The Cowling Chair & Other Ball Chairs

A classic of industrial design, the Ball Chair is a swiveling room within a room. These newly-designed Cowling Chairs are an industrial-modern take on that classic design.
The Cowling Chair
The ‘Cowling Chair’ is a surprisingly comfortable, industrial-modern piece made from a salvaged jet-engine cover. inset Salvaged jet-engine cowlings before stripping. Photo courtesy Plane Industries

Without knowing quite what they would do with them, brothers Ben and Harry Tucker bought several Boeing 737 cowlings early last year. (A cowling is the removable cover of a jet engine.) They’d started a company called Plane Industries, which gave new life to salvaged airplane parts: fuselages made into clocks, doors repurposed as coffee tables. One hot summer afternoon they caught their father resting inside one of the engine covers. Remembering Eero Aarnio’s Ball Chair design of 1963, they had their concept.

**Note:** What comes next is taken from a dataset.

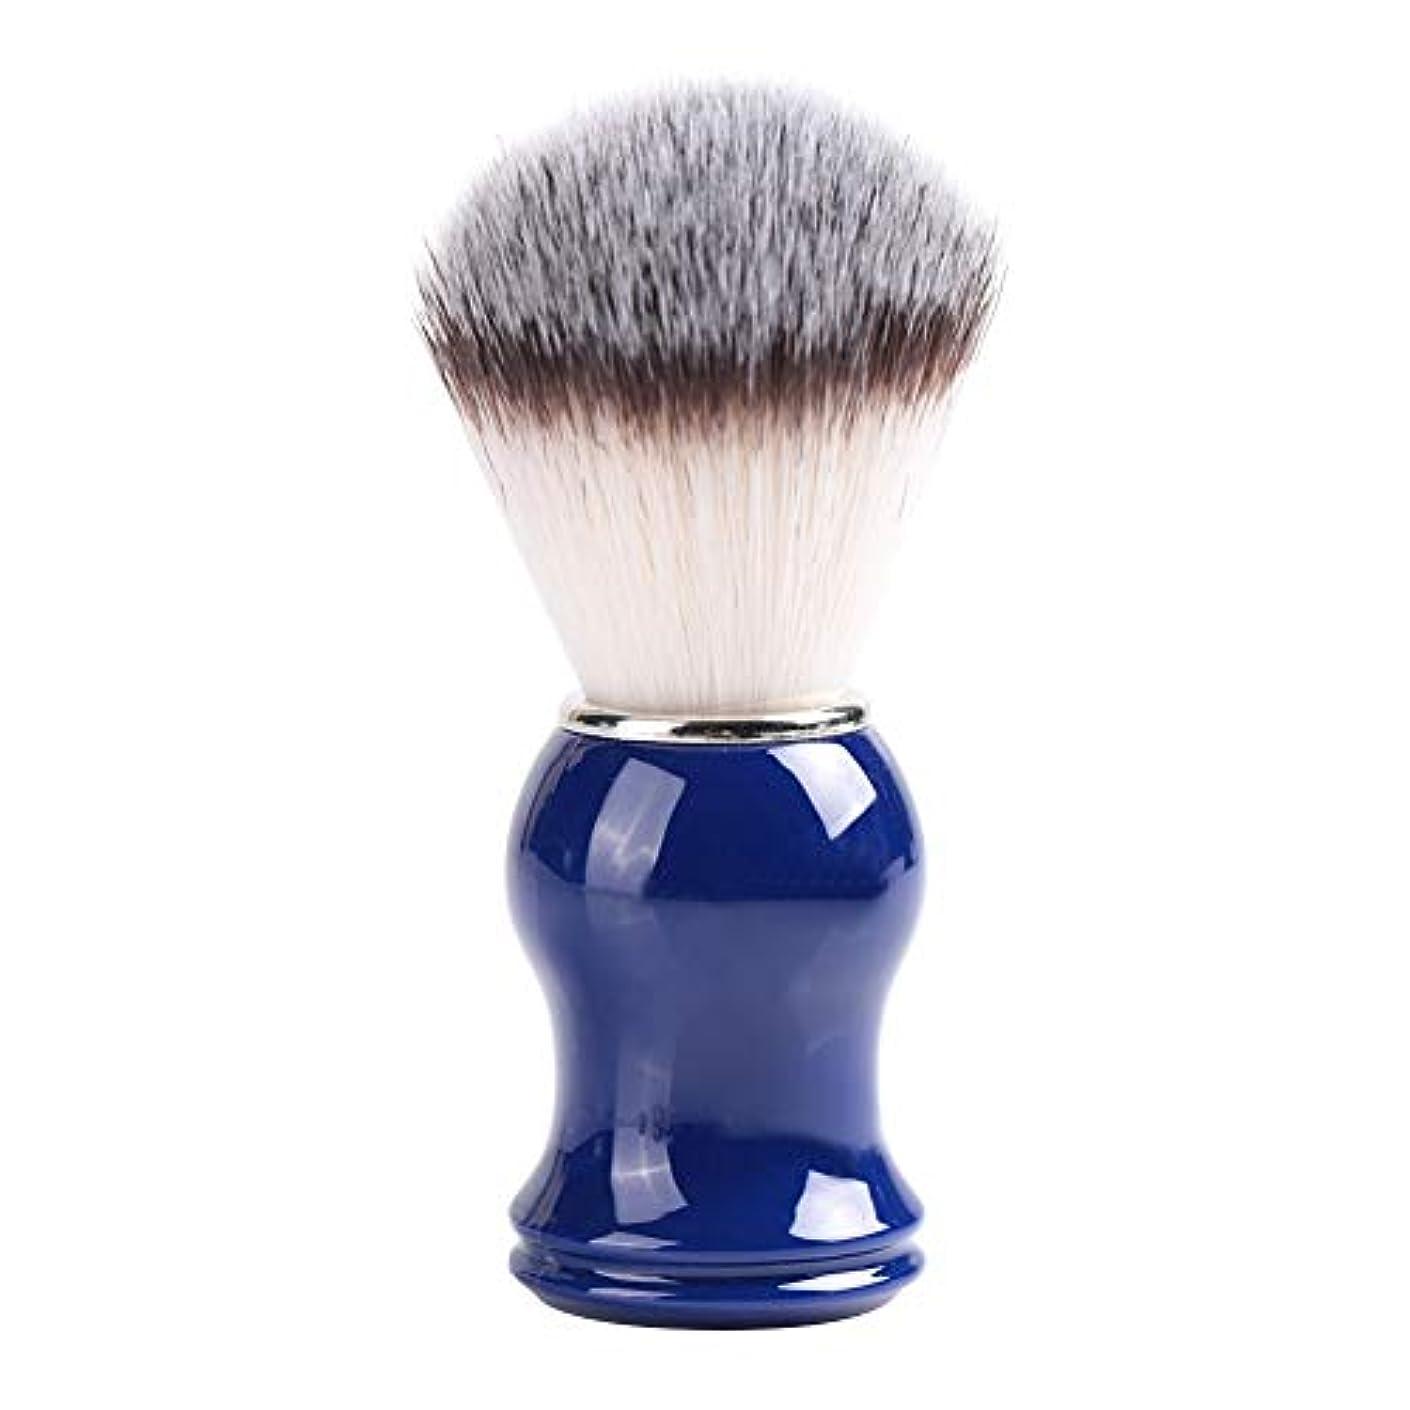 意外ディーラーブートNitrip シェービングブラシ ひげブラシ ひげケア 理容 洗顔 髭剃り 泡立ち 男性用 2色(剛毛+青)

The Story of the Cowling Chair

This is not a DIY project, so we’re summarizing Plane Industries’ process:

A raw cowling salvaged from a local airfield is trimmed down, the excess honeycomb cut off until just the exterior metal ring is left. Then, three fiberglass molds are fabricated: one for the seat, and a pair to create each half of the seat back.

An intricate, 18 m. plywood frame is cut with a CNC router, in three different segments for the interior of the chair, and attached to the cowling. Plywood is laminated to create six different curved seating inserts for the interior of the chair, which are then upholstered with 2″ foam and covered with black Alcantara, a suede-like synthetic fabric.

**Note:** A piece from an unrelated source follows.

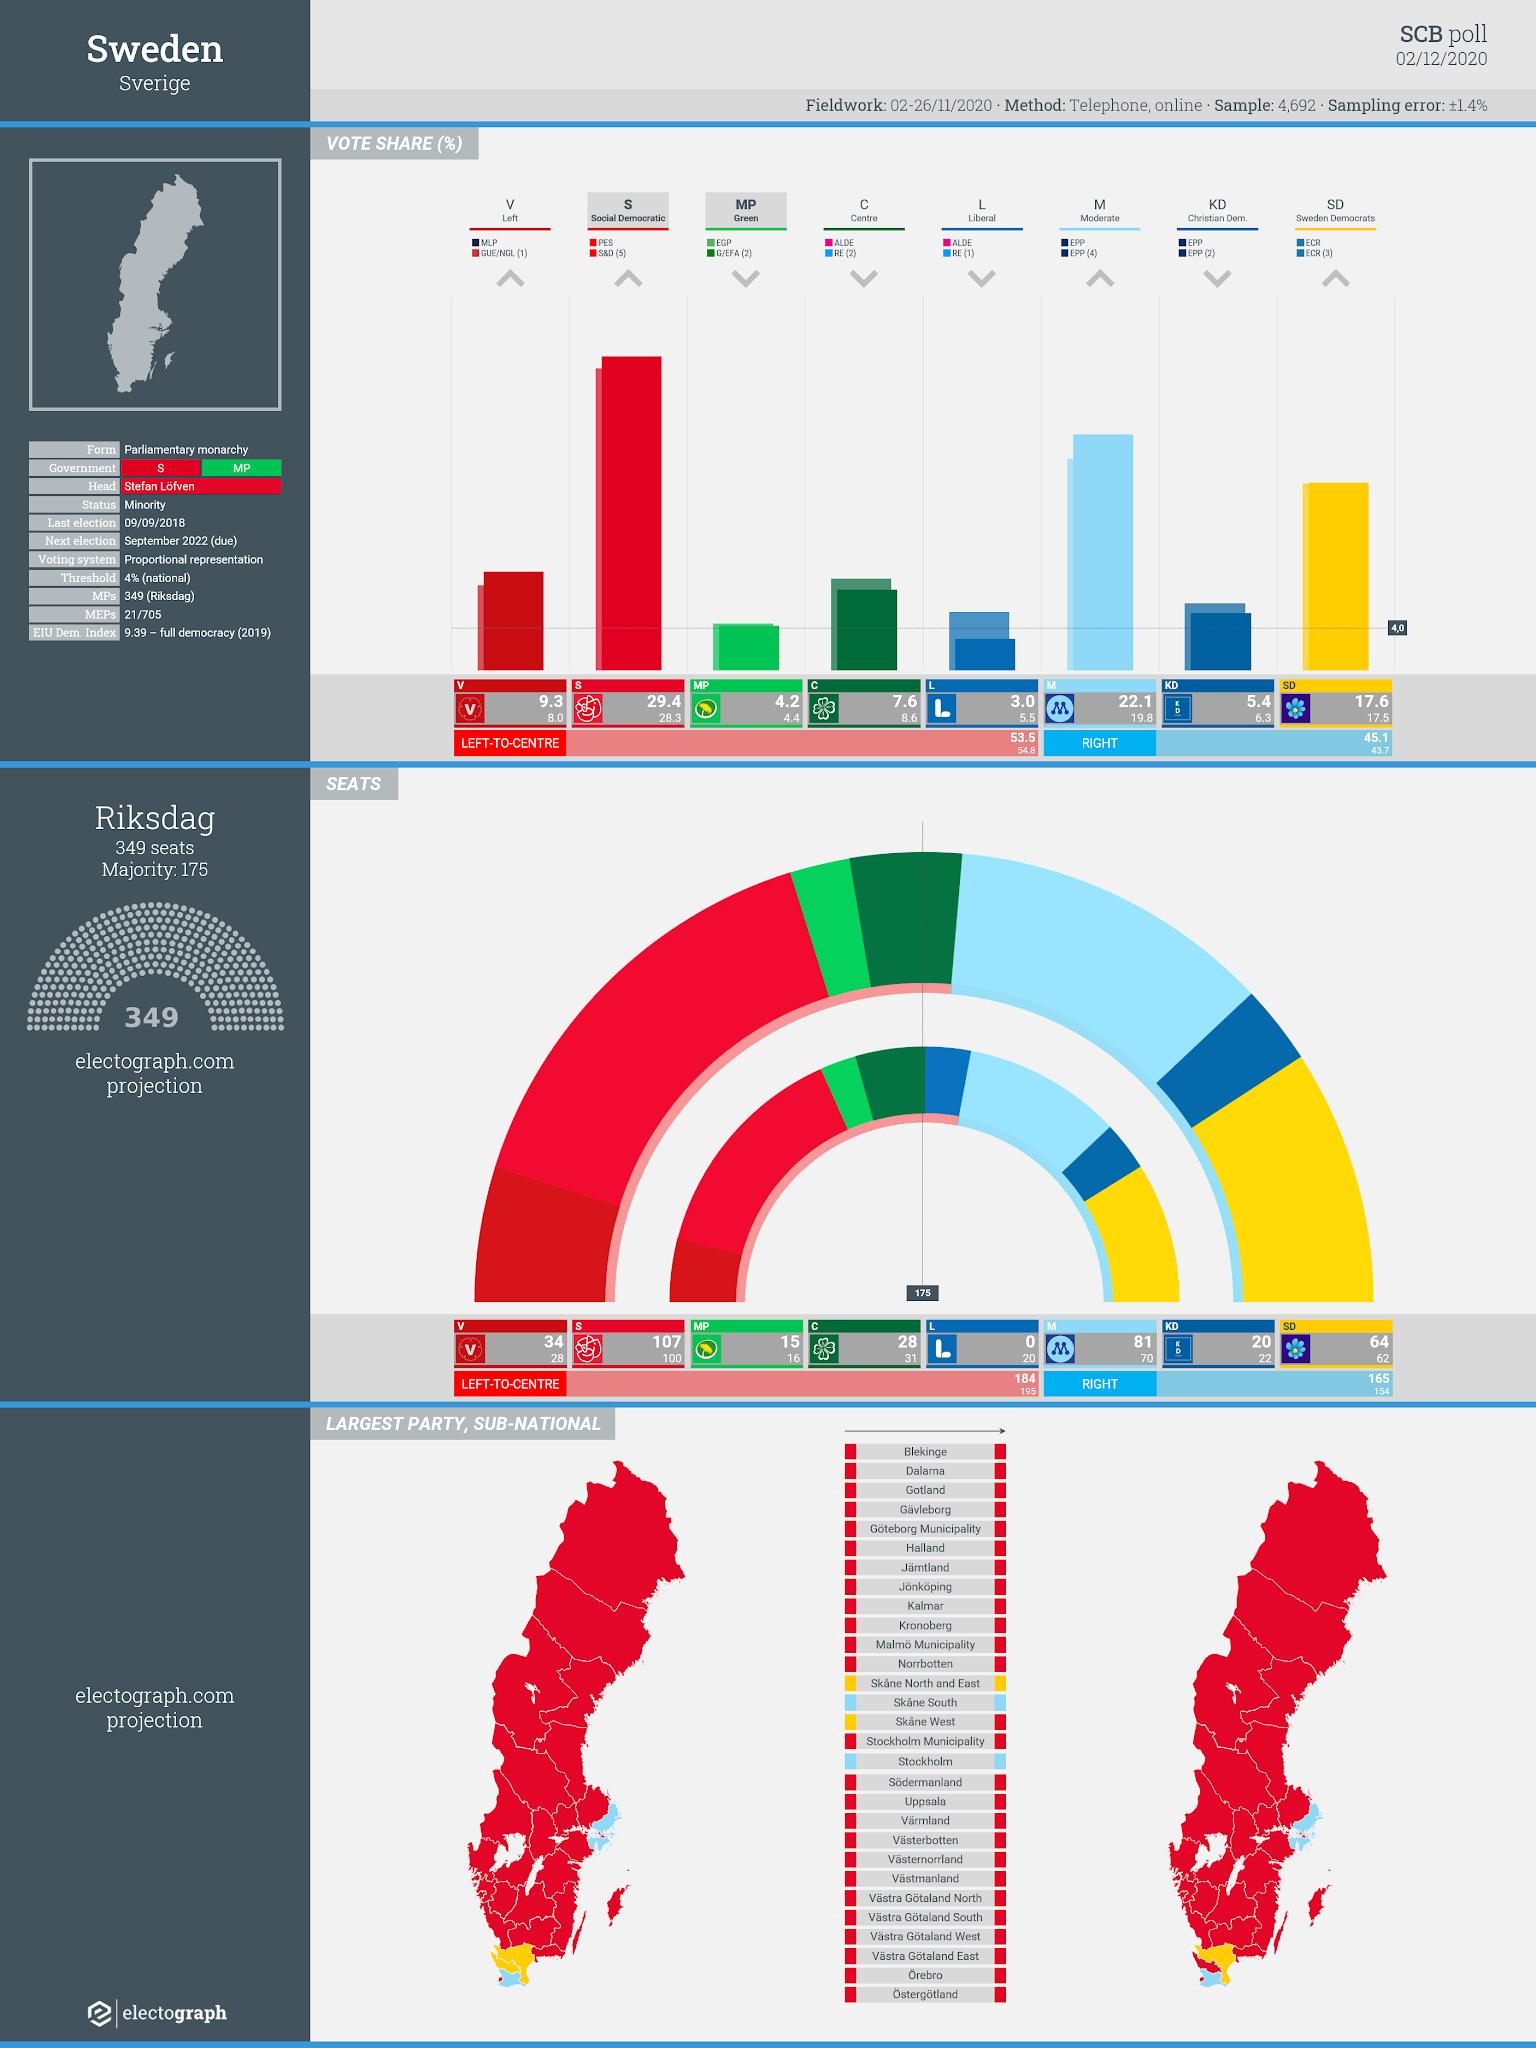 SWEDEN: SCB poll chart, 2 December 2020

The fiberglass shell is then meticulously fit onto the frame and cowling—a laborious process that involves fitting over 300 bolts and also sanding and shaping the molded fiberglass; it can take up to two weeks. Then the shell is sprayed in the customer’s choice of color, black being the most popular.

Once the shell and interior are complete, the cowling is temporarily detached from the wooden frame and shell, and work on the metal exterior begins. The metal is sanded from 80 grit to ultra-fine 800 grit, then polished three times for a mirror finish. The polished cowling case is reattached, the upholstered plywood fitted inside, and the painted fiberglass shell given its final, post-finishing fit onto the cowling. A welded steel stand supports the chair, which weighs over 500 pounds and stands six feet tall.

Reminiscent of mid-century design, with a unique salvage story, the cowling chairs are a hit. The U.K. workshop ships them to the U.S. and Australia, Mexico and the Bahamas, and beyond.

The Ball Chair & Other Pods

A classic of industrial design, the Ball Chair (aka Globe or Global chair) was created in 1963 by Finnish designer Eero Aarnio. Quoting the designer: “We had no proper big chair, so I decided to make one. . . . After some drawing I noticed that the shape of the chair had become so simple that it was merely a ball. I pinned the full-scale drawing on the wall and sat in the chair. . . . My wife drew the course of my head on the wall. This is how I determined the height of the chair. Since I aimed at a ball shape, the other lines were easy to draw, just remembering that the chair would have to fit through a doorway.

Ball Chair
Ball Chair
Womb Chair
Egg Chair
Egg Chair

“After this I made the first prototype myself using an inside mold, made using the same principle as a glider fuselage or wing. I covered the plywood body mold with wet paper and laminated the surface with fiberglass, rubbed down the outside, removed the mold from inside, had it upholstered, and added the leg. The naming part of the chair was easy.”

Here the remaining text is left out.